In the same press release, Garba, the leader and coordinator of the expedition, said:
“Our findings, supported by four different dating methods, will provide valuable data for reconstructing the climate and history of the world’s largest sand desert. Natural conditions also shaped prehistoric settlements, and what we are trying to do is study human adaptability to climate change.”
Perspective Shift
Global warming is only just beginning for us in modern times. My brother and I were just discussing how expensive basics, like food, are. He thought it was because of corporate greed, false inflation, or maybe the war in Ukraine. While he’s right to a degree, there is another, bigger, but less discussed reason food and even energy costs are so high—global warming.

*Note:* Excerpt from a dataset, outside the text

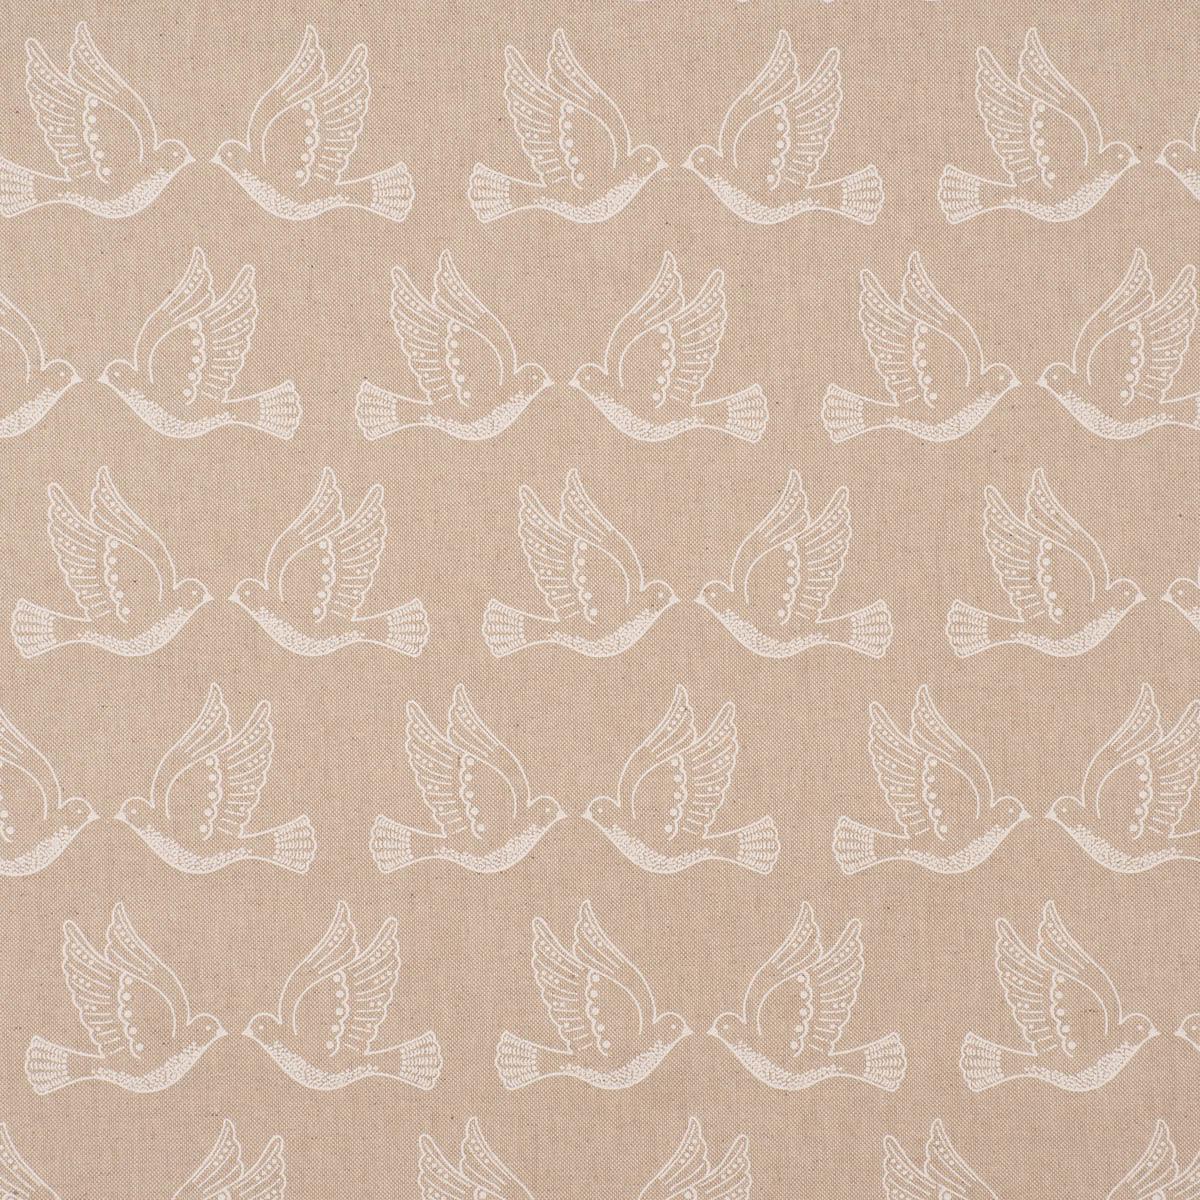 Dekostoff Halbpanama Leinenlook Peace Dove Iconic Taubenpaar natur weiß 1,40m Breite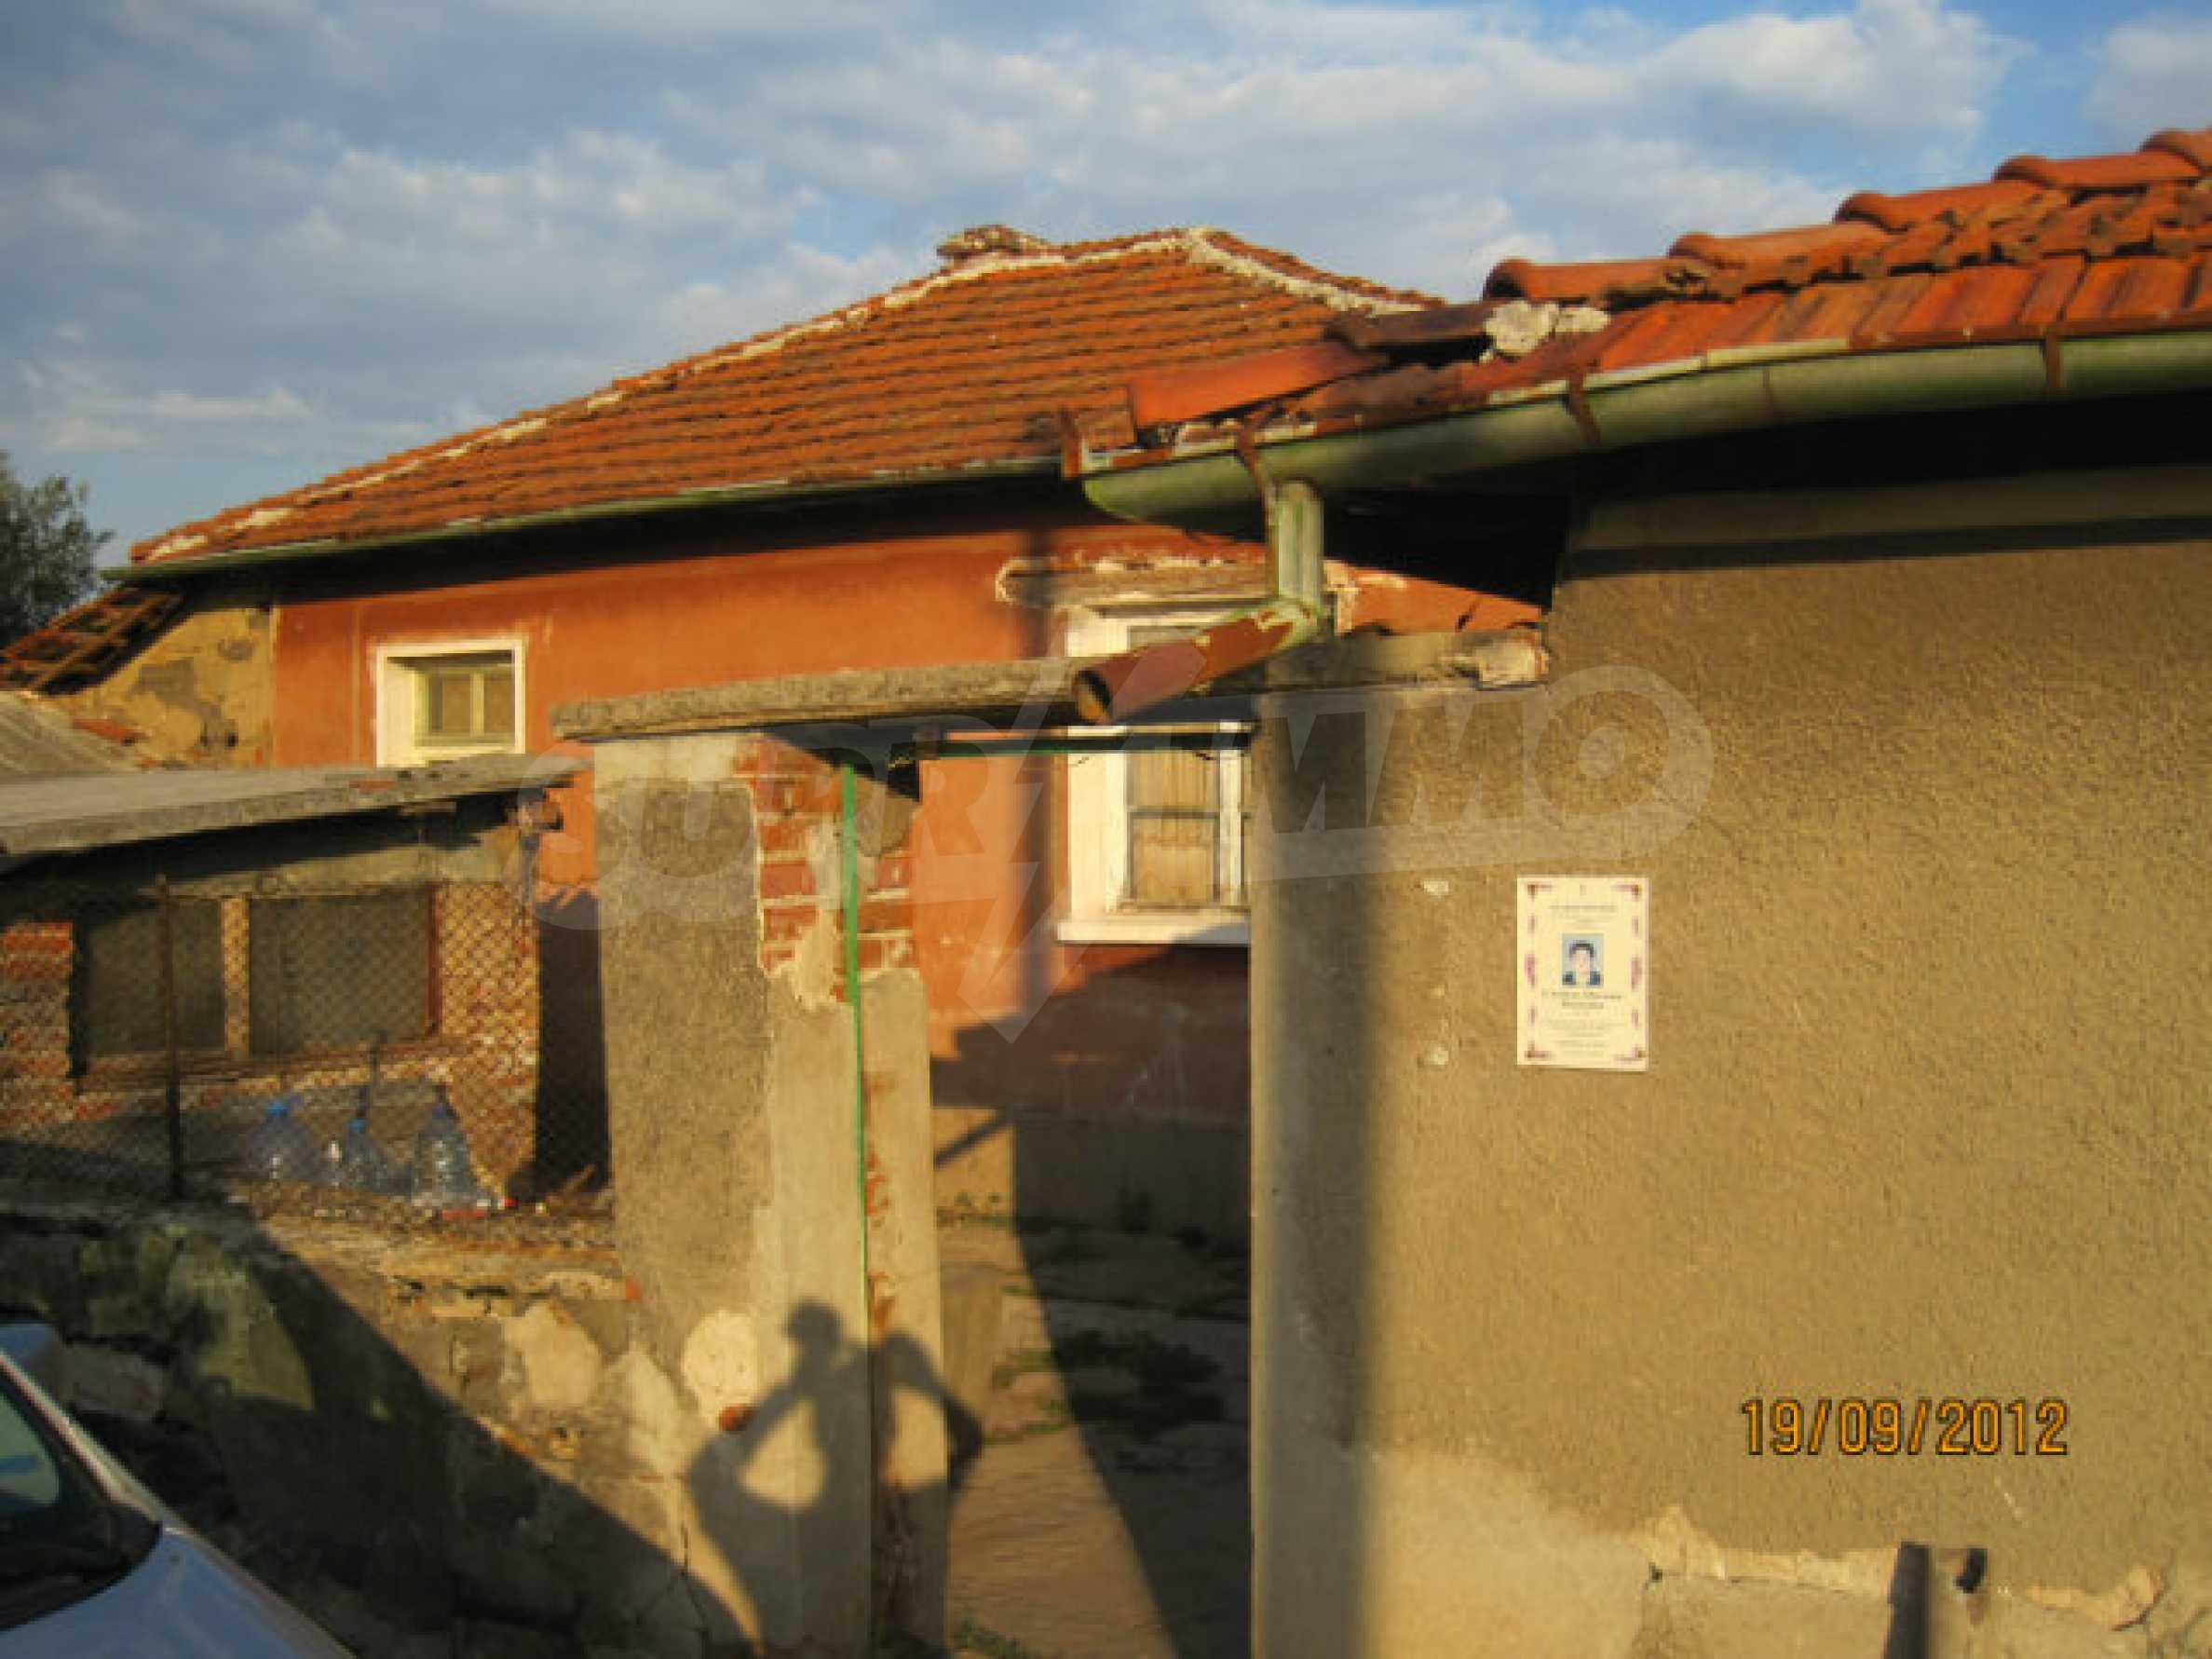 Detached house for sale in a quiet village near Dimitrovgrad

The increased droughts, floods, and storms are wreaking havoc on our crops, causing food scarcity to affect even wealthy societies. Mixed with our poor global diversity of goods—for instance, Kansas and Oklahoma are top wheat producers, their cherished crops are being decimated by climate change.
As far as we know, each time global warming has occurred in the past, it was due to natural causes, whereas ours is human-made and coming about faster and more intensely than ever imagined. Still, I wonder how the one we’re facing will compare to the ones our prehistoric ancestors faced. Will ours last longer? Be more severe or less? Either way, it’s a good idea to understand how previous generations of our species survived.